I agree, but comparing to the normal adjacency list, I think this method is more efficient, I've tried this in some problems on different online judges specially problems with flows, and it was better than the normal adjacency list. I guess I've to do some comparisons on different graph algorithms and see the results.
Very lovely explanation! I was happy to finally see a written explanation of this method after learning it from fegla! There is an interesting thing about this method, with a very tiny edit, we can implement a sort-of visited flag over the edges we traverse in a dfs, if we set 'e' to be a reference variable and update it before we recurse, we guarantee that an edge is not visited twice (because it is "removed" from the adj list). Because e is a reference, each iteration overrides the current edge with the next edge, this eventually leads to all edges being removed, hence "visited". This can be a fun way to implement an Euler path.
Unfortunately, this only works for the forward edge, in an undirected graph, this does not automatically remove the back edge.
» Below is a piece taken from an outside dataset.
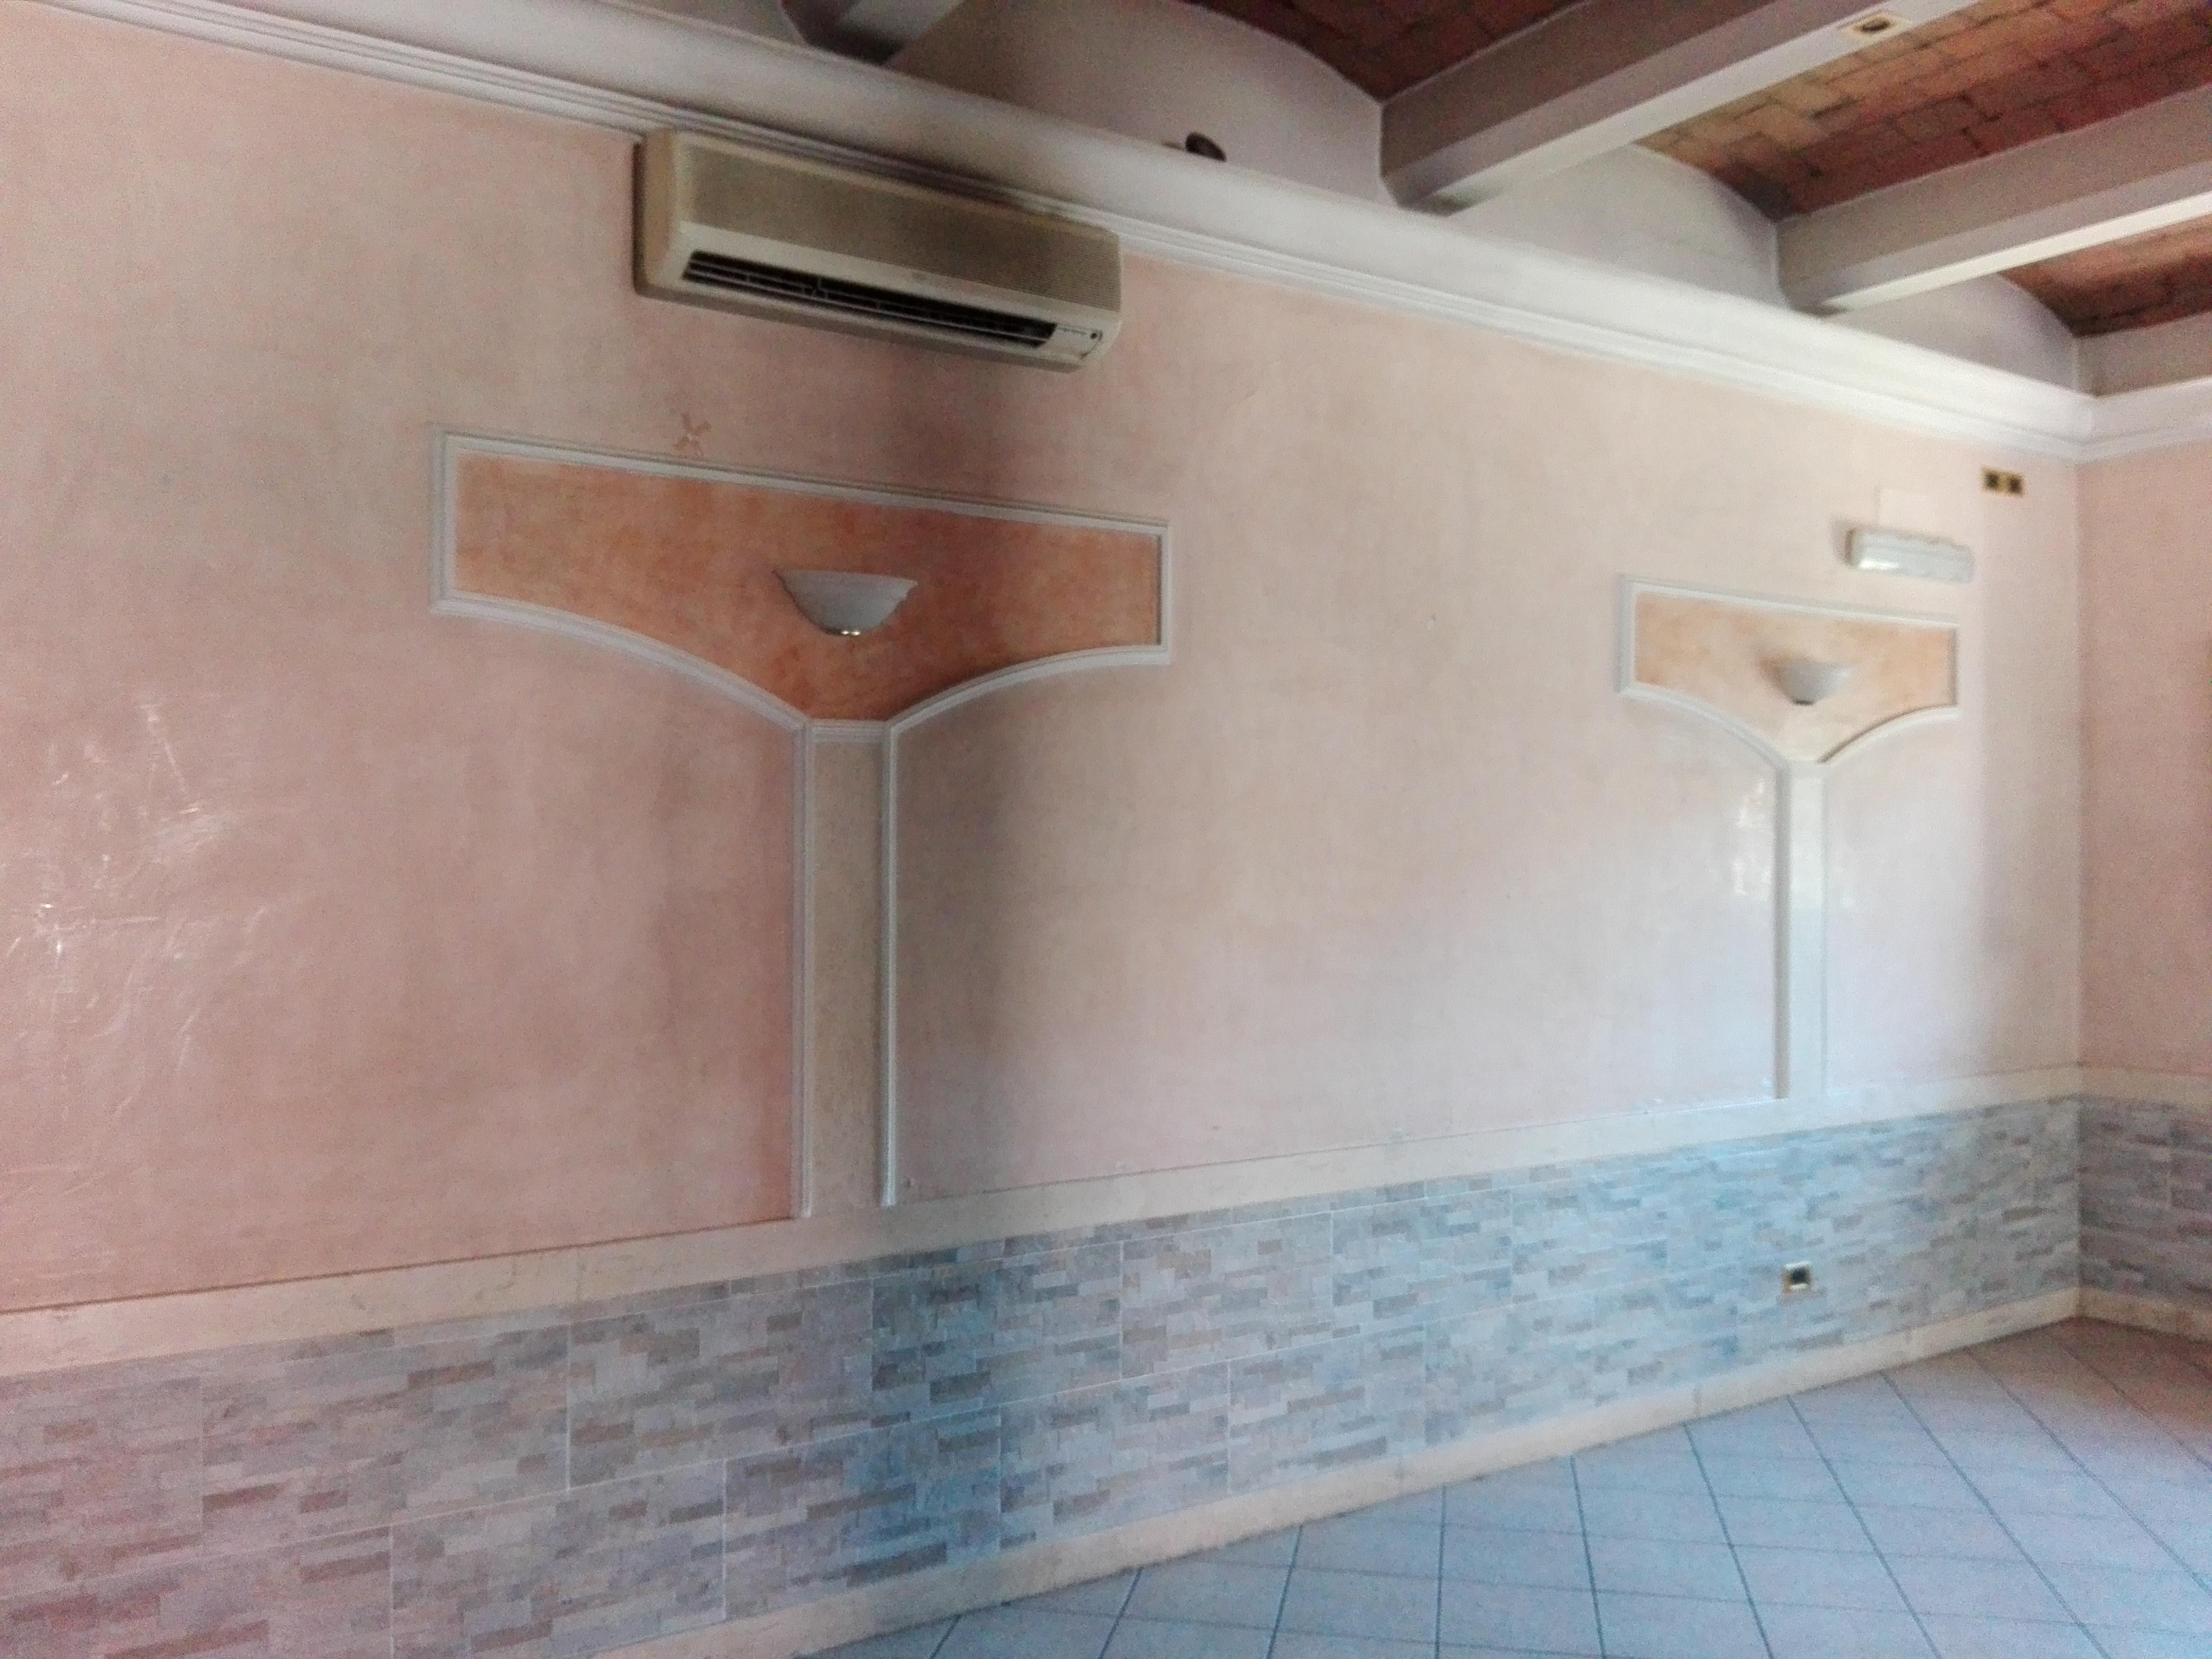 2041 architettura e design a roma for Architettura e design roma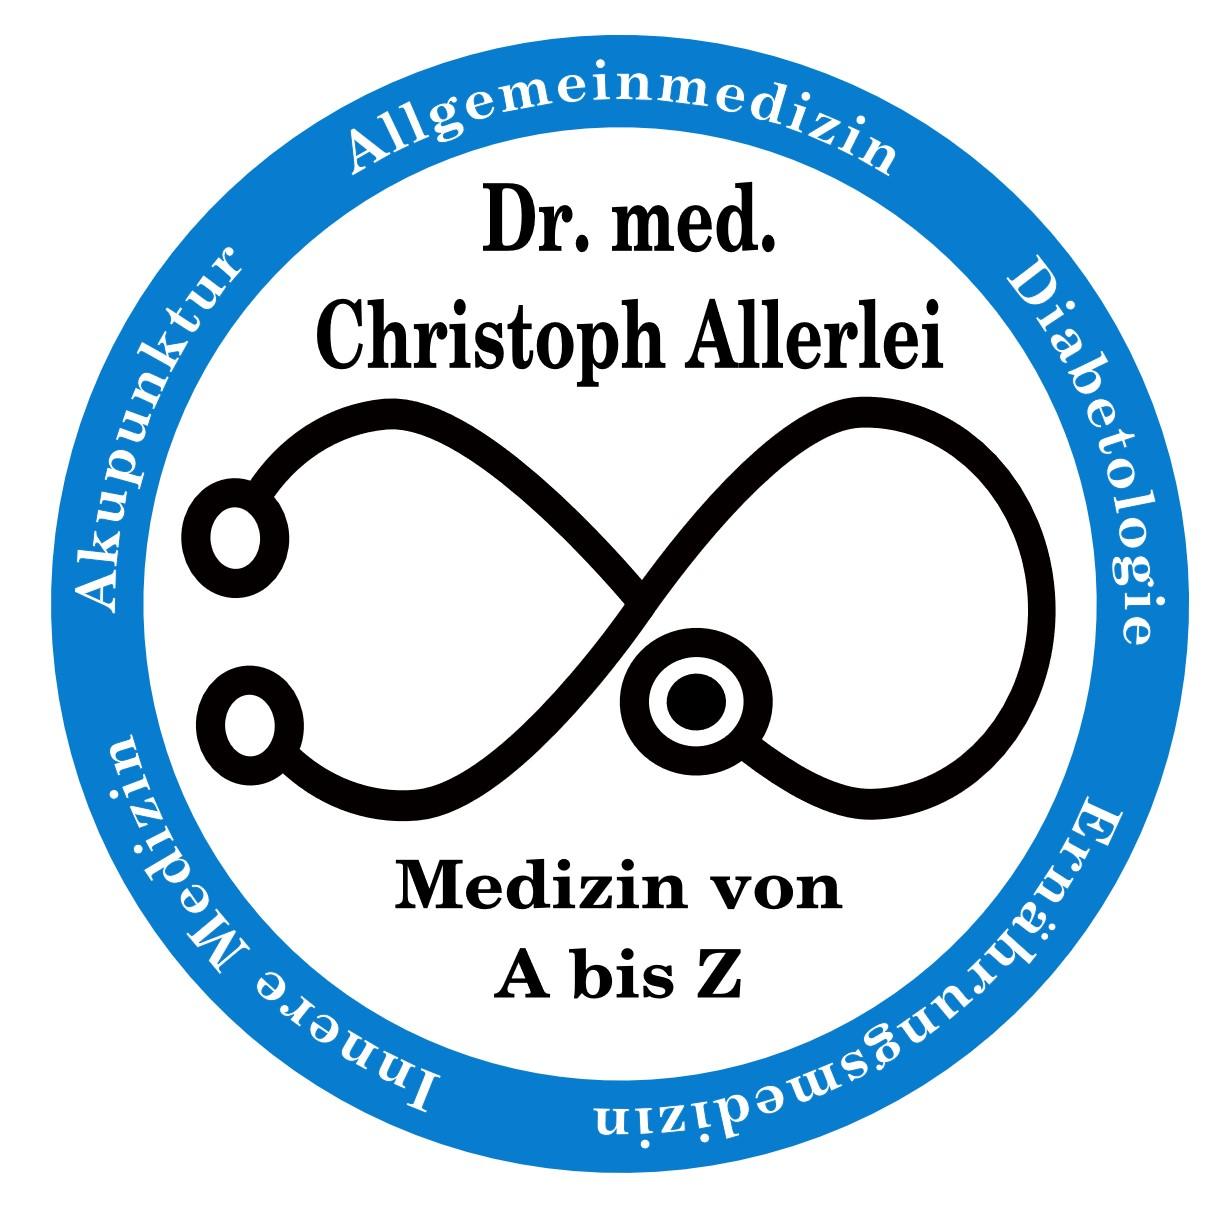 Praxis Dr. med. Christoph Allerlei

We can fix this by including a visited array over the edges as normal. While this does not make the trick as elegant, it is more efficient (because under no circumstances an edge is ever visited more than twice)
How is this uncommon? It's on the Wikipedia page of Adjacency list , which cites Introduction to Algorithms for the idea.
I'm not sure if you read the blog carefully, This is different from the normal adjacency list. The method I mentioned here has two arrays (head, edges), on the other hand, the adjacency list has maybe vector<vector> or whatever representation.
I'm not sure if you read the Wikipedia page carefully, so I copy it here for you.
Cormen et al. suggest an implementation in which the vertices are represented by index numbers.[2] Their representation uses an array indexed by vertex number, in which the array cell for each vertex points to a singly linked list of the neighboring vertices of that vertex. In this representation, the nodes of the singly linked list may be interpreted as edge objects; however, they do not store the full information about each edge (they only store one of the two endpoints of the edge) and in undirected graphs there will be two different linked list nodes for each edge (one within the lists for each of the two endpoints of the edge).
Well, I've read this paragraph multiple times, and what I understood is it describes the normal adjacency list, correct me If I'm missing something!
It means that each vertex has its own linked list, but this is different from what I described in the blog.
What is described here is: each edge has its own index in array, and each edge is pointing to next edge, and we have another array where each vertex is pointing to the index of last added edge.
Can you show me any equivalent sentences in the article you mentioned? as I cannot see how it's the same thing?
It's just the matter of how linked list is implemented.
Your method is just the normal adjacency list described on Wikipedia with linked list implemented with "pre-allocated array and index".
Most of the properties remain even if you implement it with "dynamically allocated memory and pointer". Each edge has its own address in memory, and each edge is pointing to next edge, and we have another array where each vertex is pointing to the address of last added edge.
Does anybody have problems that can be solved efficiently using this representation and is much better than other representations?